*Input data*
------

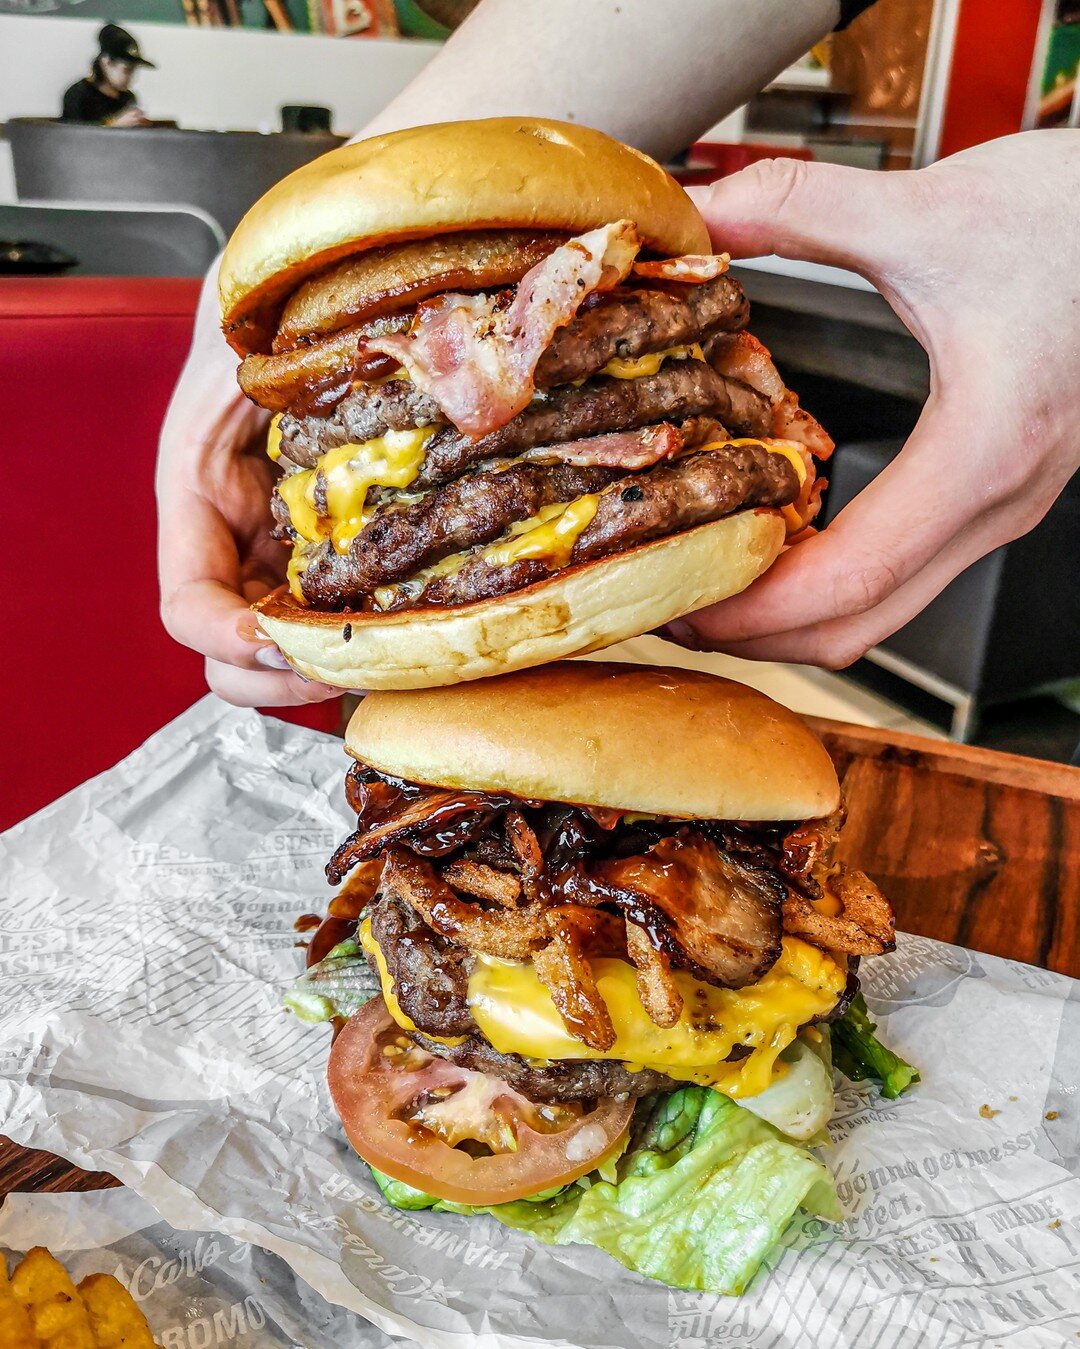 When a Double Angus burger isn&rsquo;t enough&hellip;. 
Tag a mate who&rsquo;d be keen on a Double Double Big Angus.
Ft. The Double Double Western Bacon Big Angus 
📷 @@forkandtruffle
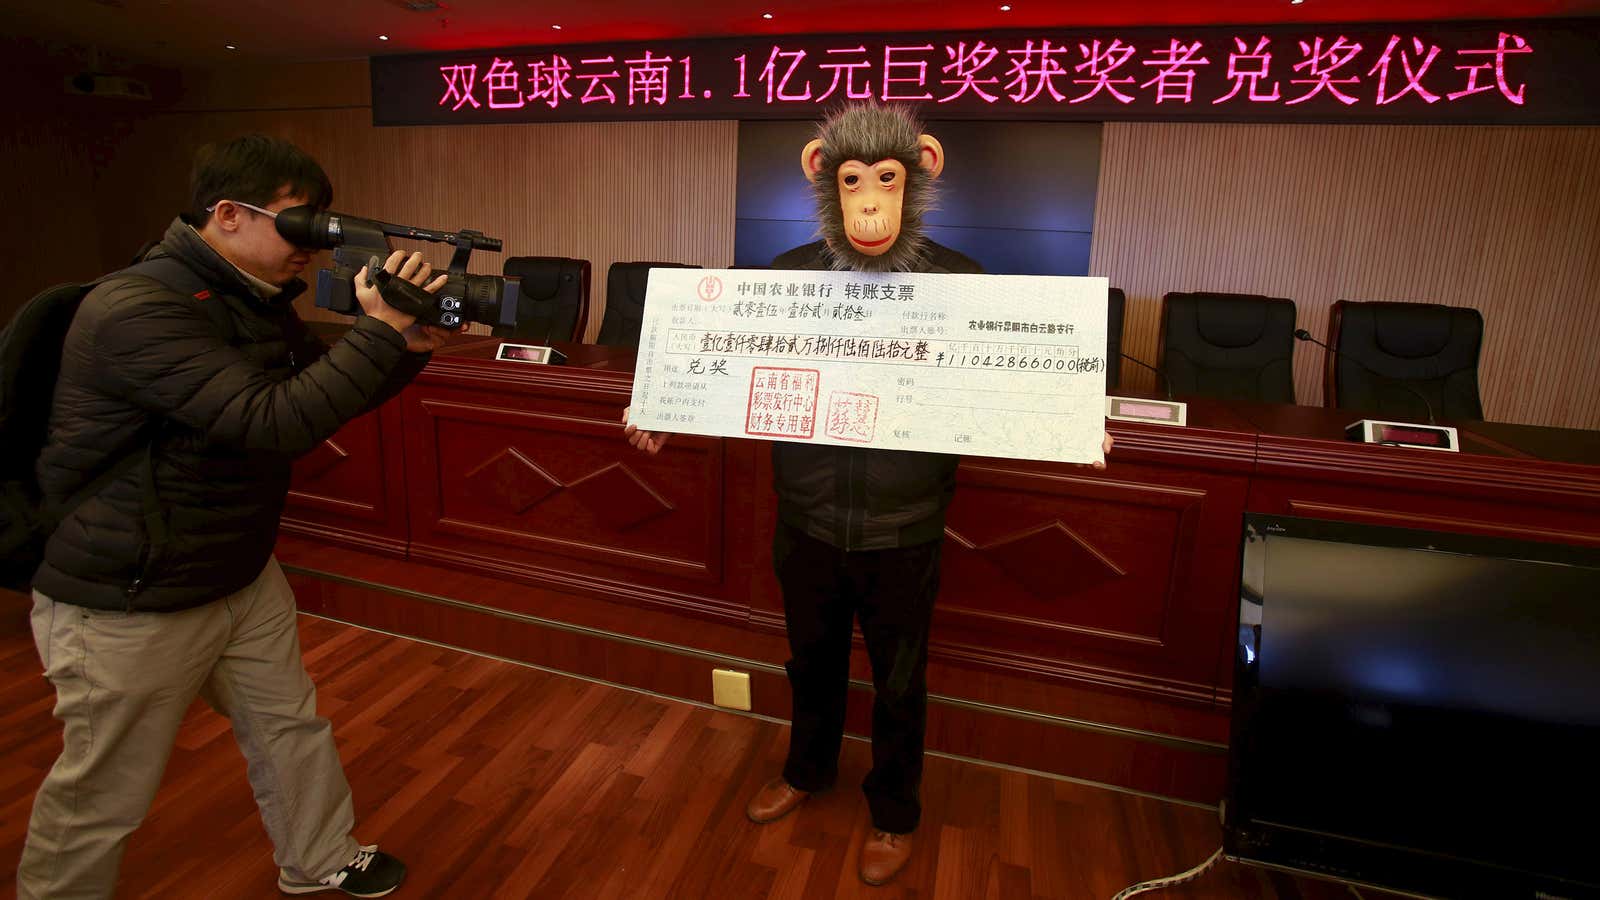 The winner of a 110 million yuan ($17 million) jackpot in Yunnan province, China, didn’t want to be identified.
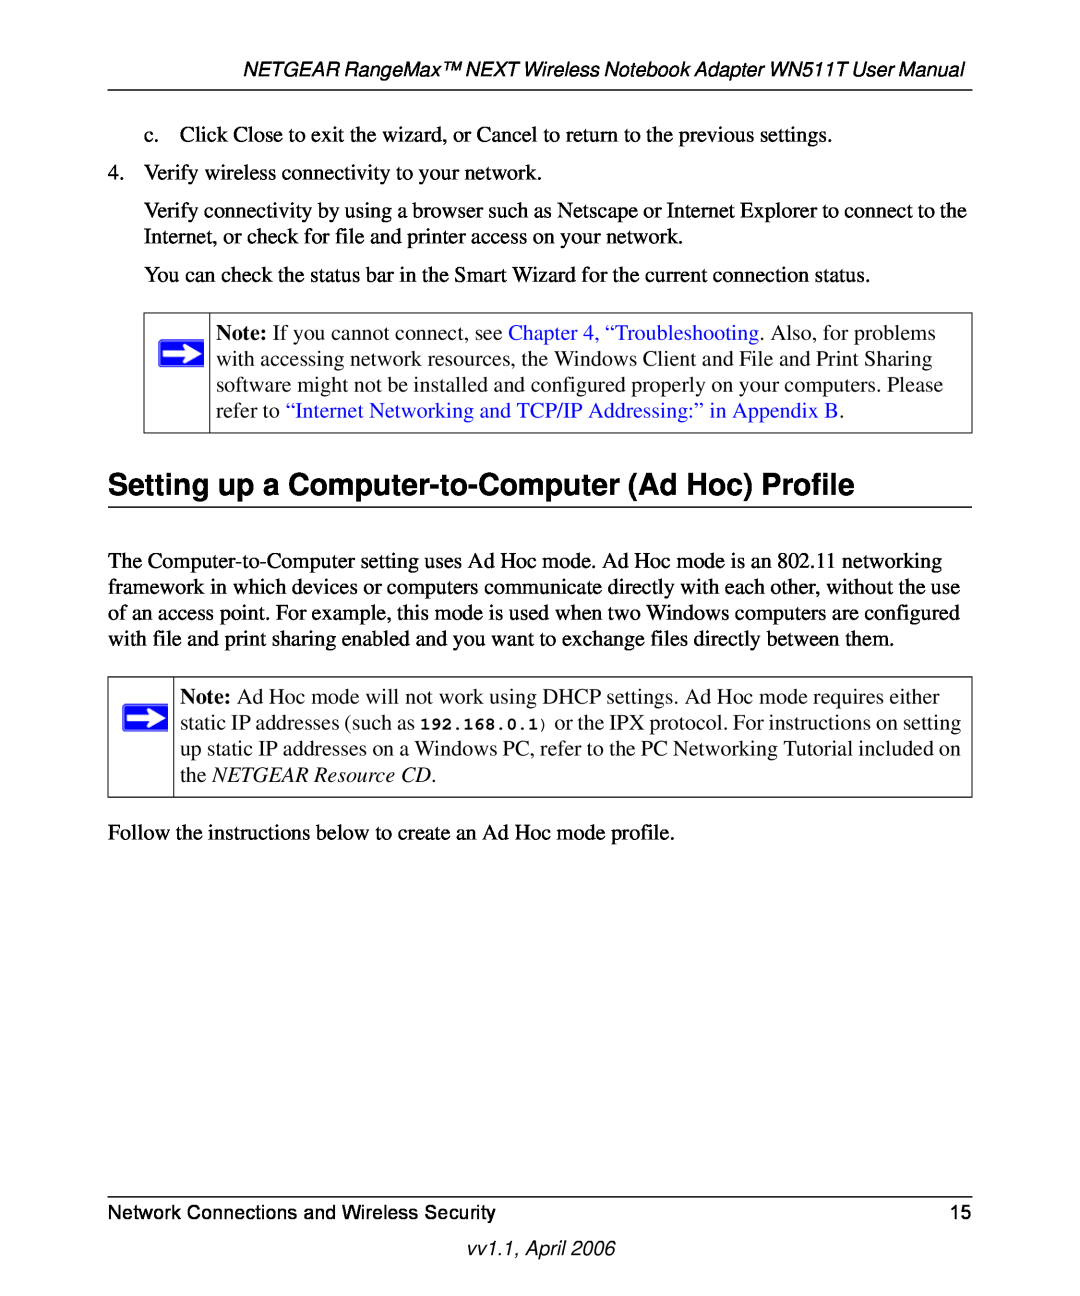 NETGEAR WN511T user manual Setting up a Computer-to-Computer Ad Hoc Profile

------

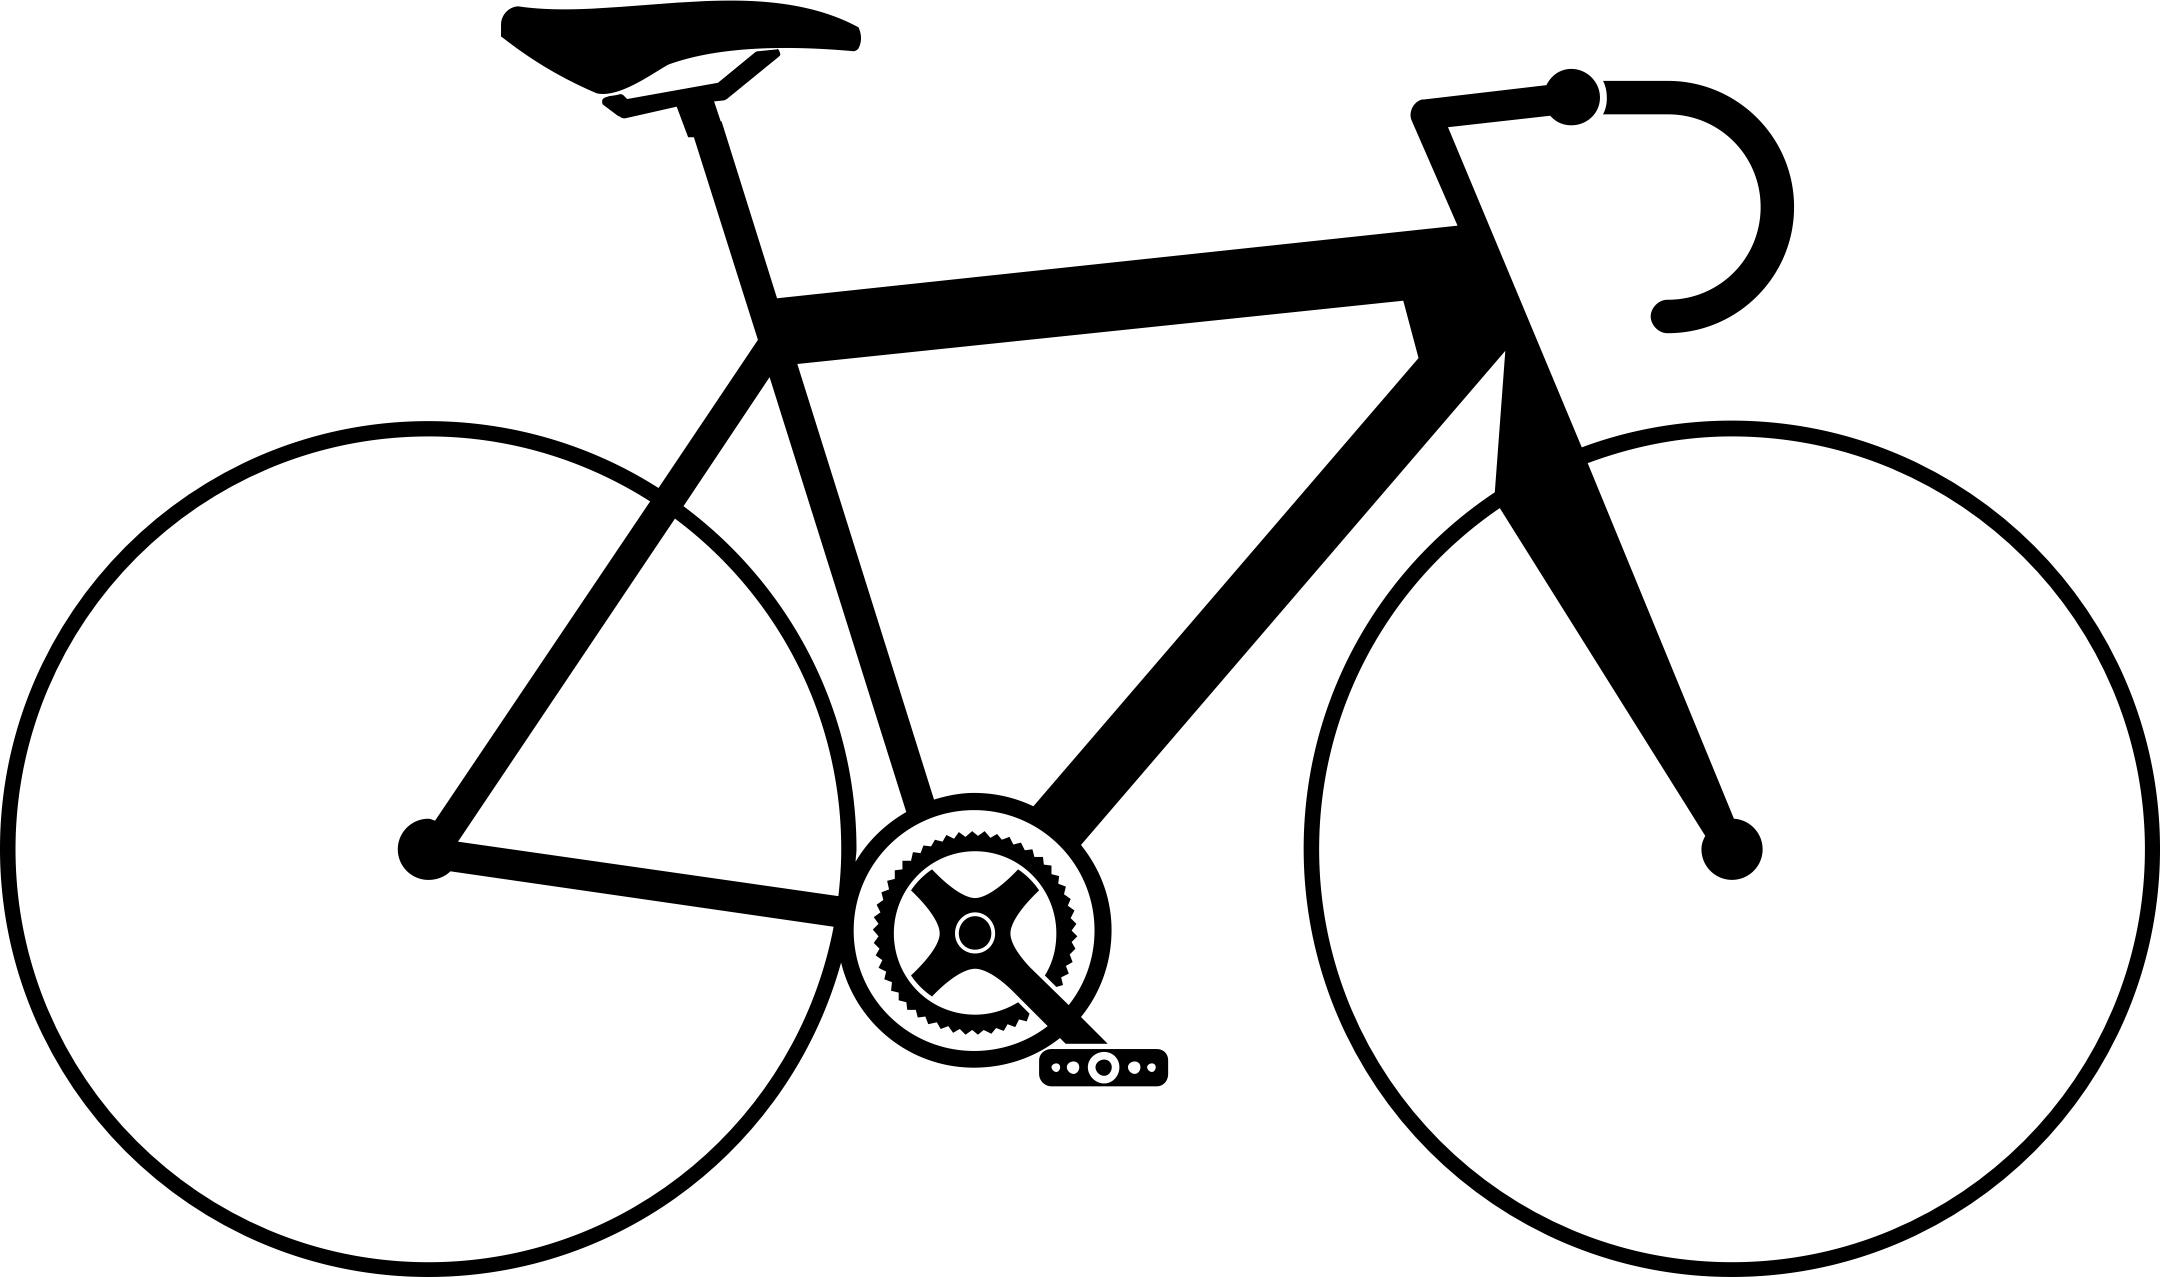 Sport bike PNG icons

------

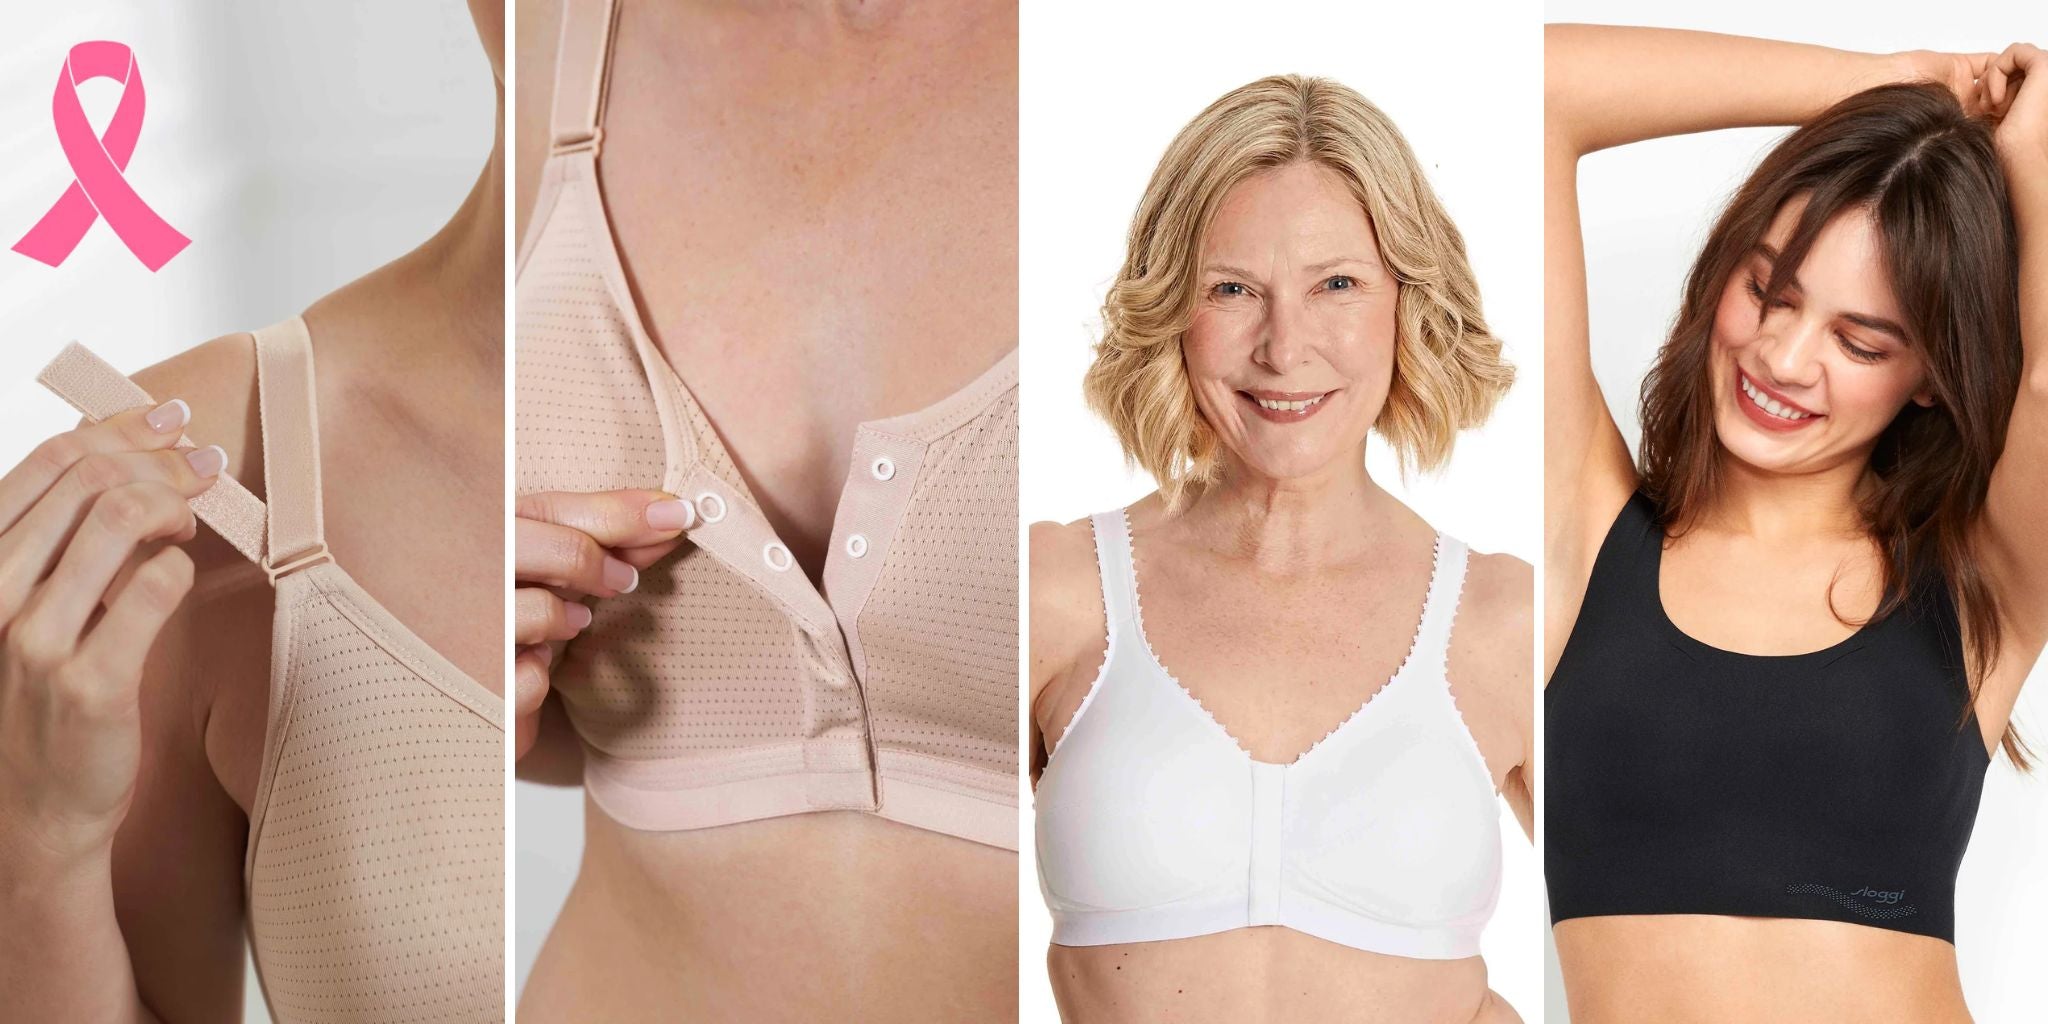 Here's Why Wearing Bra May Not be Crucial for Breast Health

------

*Work instructions*
Exactly the lines starting at the one above with "When a Double" and ending at the one with "NETGEAR WN511T user" should be printed, and nothing else. Omit the pictures.

*Response for this exercise*
 When a Double Angus burger isn&rsquo;t enough&hellip;. 
Tag a mate who&rsquo;d be keen on a Double Double Big Angus.
Ft. The Double Double Western Bacon Big Angus 
📷 @@forkandtruffle
 The winner of a 110 million yuan ($17 million) jackpot in Yunnan province, China, didn’t want to be identified.
 NETGEAR WN511T user manual Setting up a Computer-to-Computer Ad Hoc Profile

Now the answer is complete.